Security Measures

Security Officer. Peoplelogic has appointed a security officer responsible for coordinating and monitoring the security rules and procedures.

Confidentiality Obligations. Peoplelogic personnel with access to Customer Data are subject to confidentiality obligations.

Routine Security Audits. Peoplelogic runs a third-party audit each year to ensure that security practices are up to industry standards.

Physical Access to Facilities. Peoplelogic limits access to facilities where information systems that process Customer Data are located to identified authorized individuals.

Protection from Disruptions. Peoplelogic uses a variety of industry standard systems to protect against loss of data due to power supply failure or line interference.

Movement of Data.  

• Peoplelogic encrypts Customer Data that is transmitted over public networks.
• Peoplelogic restricts access to Customer Data in media leaving its facilities.
• Peoplelogic encrypts all Customer Data at REST and that is transmitted within our private networks.

Access Policy. Peoplelogic maintains a record of security privileges of individuals having access to Customer Data.

Access Authorization

• Peoplelogic maintains a record of personnel authorized to access Peoplelogic systems that contain Customer Data.
• Peoplelogic deactivates authentication credentials that have not been used for a period of time not to exceed six months.
• Peoplelogic identifies those personnel who may grant, alter or cancel authorized access to data and resources.
• Peoplelogic ensures that where more than one individual has access to systems containing Customer Data, the individuals have separate identifiers/log-ins.

Least Privilege

• Technical support personnel are only permitted to have access to Customer Data when needed.
• Peoplelogic restricts access to Customer Data to only those individuals who require such access to perform their job function.

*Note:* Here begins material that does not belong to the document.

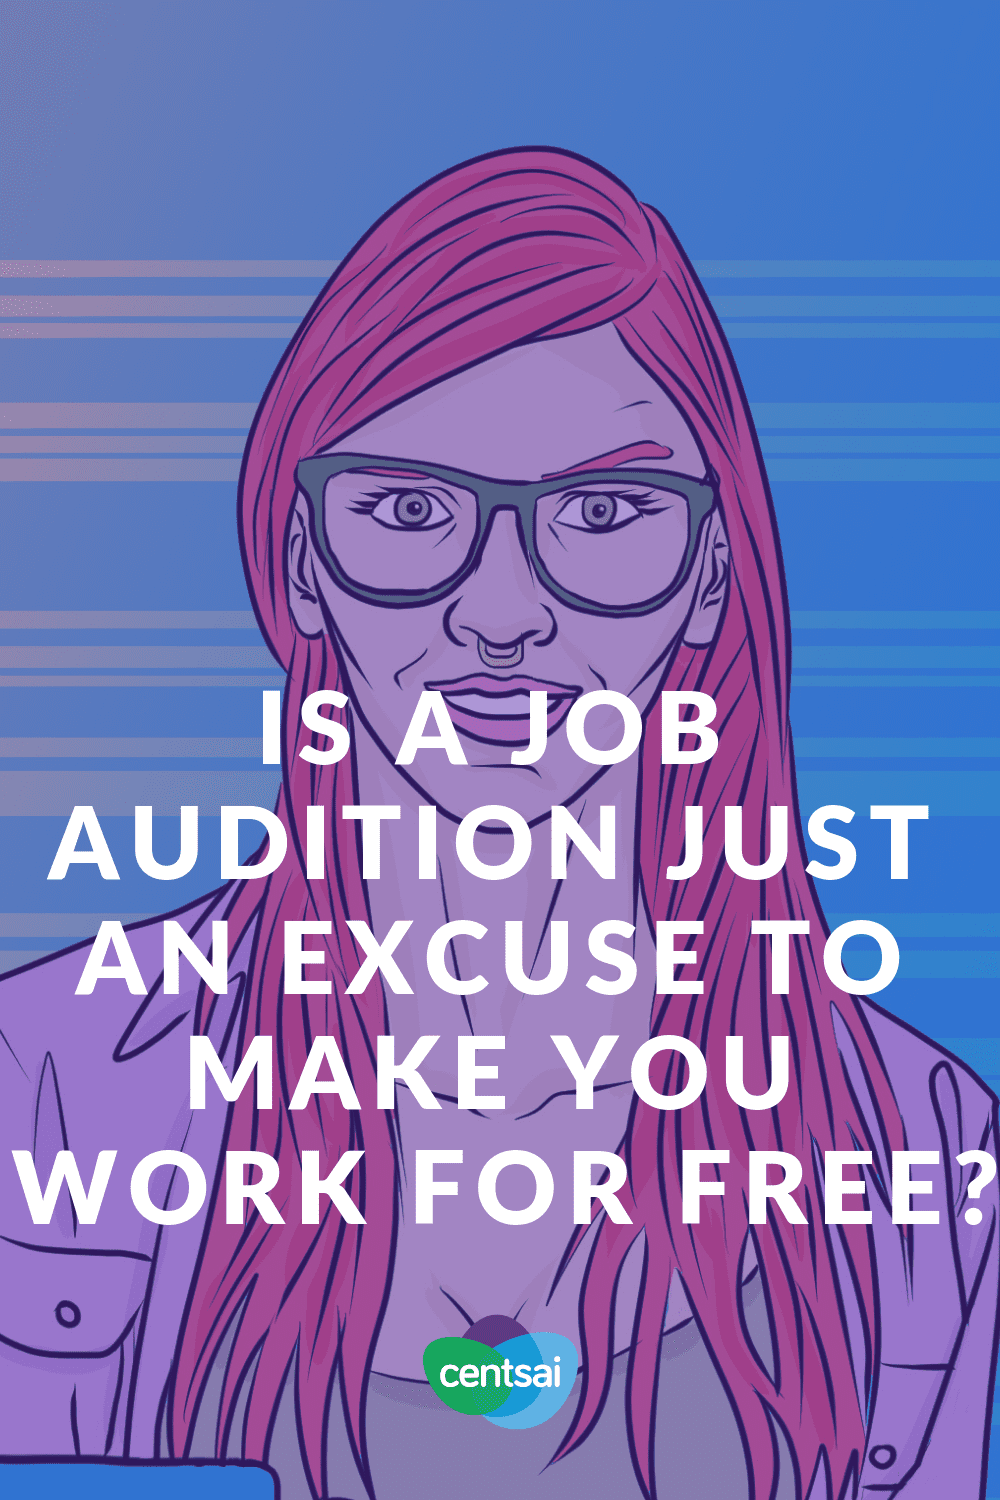 Is a Job Audition Just an Excuse To Make You Work For Free? You might have heard of an intensive form of job interview called a job audition. But what is a job audition, exactly? Read more to find out. #jobinterview #job

Integrity and Confidentiality

• Peoplelogic instructs Peoplelogic personnel to disable administrative sessions when leaving premises that Peoplelogic controls or when computers are otherwise left unattended.
• Peoplelogic stores passwords in a way that makes them unintelligible while they are in force.

Authentication

• Peoplelogic uses industry standard practices to identify and authenticate users who attempt to access Peoplelogic information systems.
• Where authentication mechanisms are based on passwords, Peoplelogic requires that the passwords are renewed regularly.
• Where authentication mechanisms are based on passwords, Peoplelogic requires the password to be at least eight characters long.
• Peoplelogic ensures that de-activated or expired identifiers are not granted to other individuals.
• Peoplelogic uses industry standard password protection practices, including practices designed to maintain the confidentiality and integrity of passwords when they are assigned and distributed, and during storage.

Network Design. Peoplelogic has controls to avoid individuals assuming access rights they have not been assigned to gain access to Customer Data they are not authorized to access.

Peoplelogic maintains emergency and contingency plans for the facilities in which Peoplelogic information systems that process Customer Data are located.